Upon first reading Rita Indiana’s Tentacle, I was struck by the intersection of two of my prevailing scholarly interests: music and time. The closing chapters of the novel describe a live DJ set—part entertainment and part sound-art installation—mounted by Elizabeth Méndez during a showcase of experimental twentieth-century Dominican art. She creates “a three-hour mix” that “would trace the flow line” of an incredible range of song samples from disparate genres, tempos, historical moments, and even global origins, a mix that allows her fictional audience to travel in mere seconds to distant times and places:

During the third hour’s climax and before leaping from a hammering beat to the cyber-hippie ocean of a repetitive trance, she’d throw in a little of Donna Summer’s “I Feel Love” and Jacques Cousteau’s voice from the Haiti: Waters of Sorrow documentary. The effect would be tragic, inspiring, and contradictory: the French explorer’s predictions about the future of the island’s marine life would hang in silence for a few seconds until the bass came down again, like a tsunami, over the dance floor.1

The future ravaged Hispaniola presaged by Cousteau in his 1986 documentary has both already but not yet arrived for the time-traveling protagonist witnessing the scene. As the music plays, Indiana draws our attention to the future fictional president of the Dominican Republic, a twenty-two-year-old Said Bona, who is moved by the music to breakdance in the middle of the dance floor: “He was going in circles at a breathtaking speed, posed on the axis of his back while holding a fetal position, . . . [and] his figure seemed to become a lotus flower in a cloudscape” (129). As Bona describes a spiral with his body, Indiana gestures to a way to unthink Caribbean time. In the same way that Bona’s back remains anchored to the ground while enabling him to spiral in the air, so too do Elizabeth’s turntable and needle anchor her time-traveling music to the present and to place.
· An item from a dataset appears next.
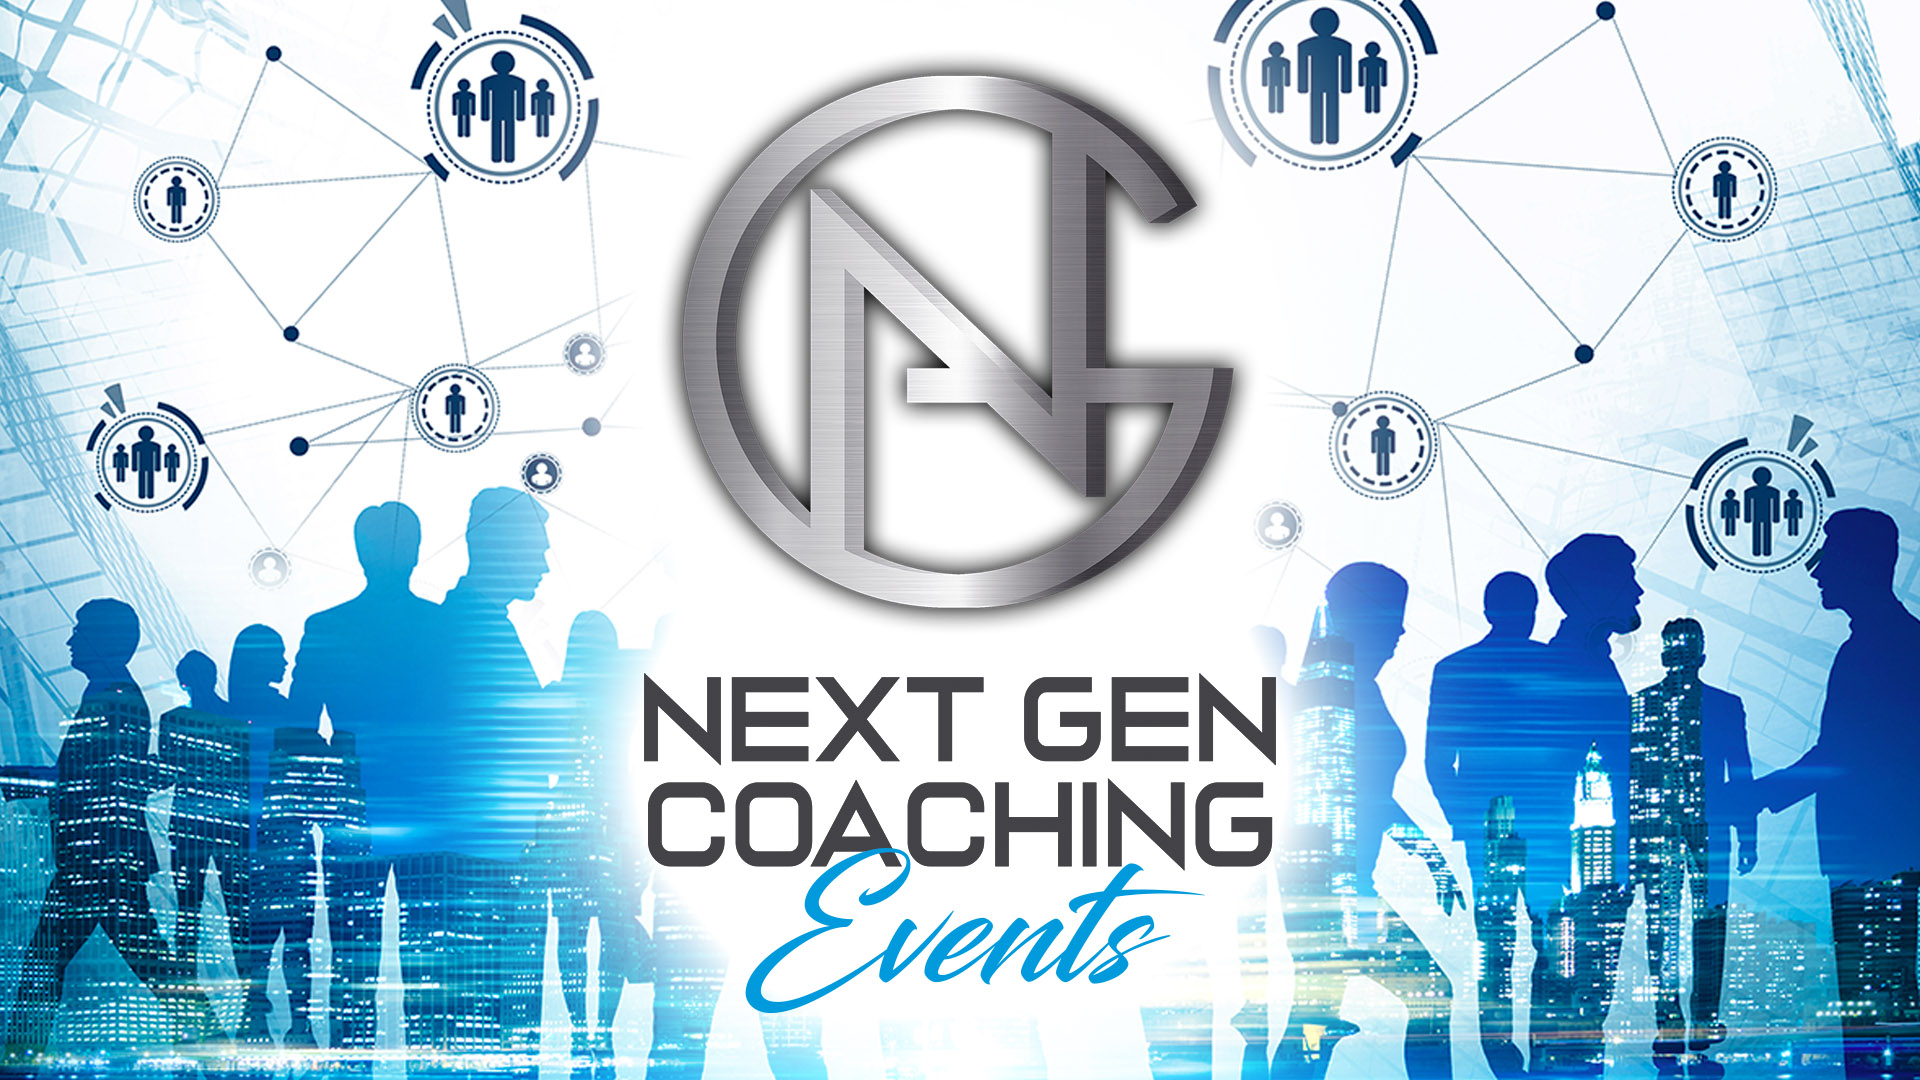 Next Gen Coaching Events

Appearing in the very moment when the time-travel plot is about to be resolved—or more accurately, undone—this description of both the music and its effects is crucial for what it reveals about the novel’s larger temporal aesthetic: the novel describes a spiralic Caribbean time that is anchored to one physical location but with tentacles of the now reaching into various other moments in the past and future.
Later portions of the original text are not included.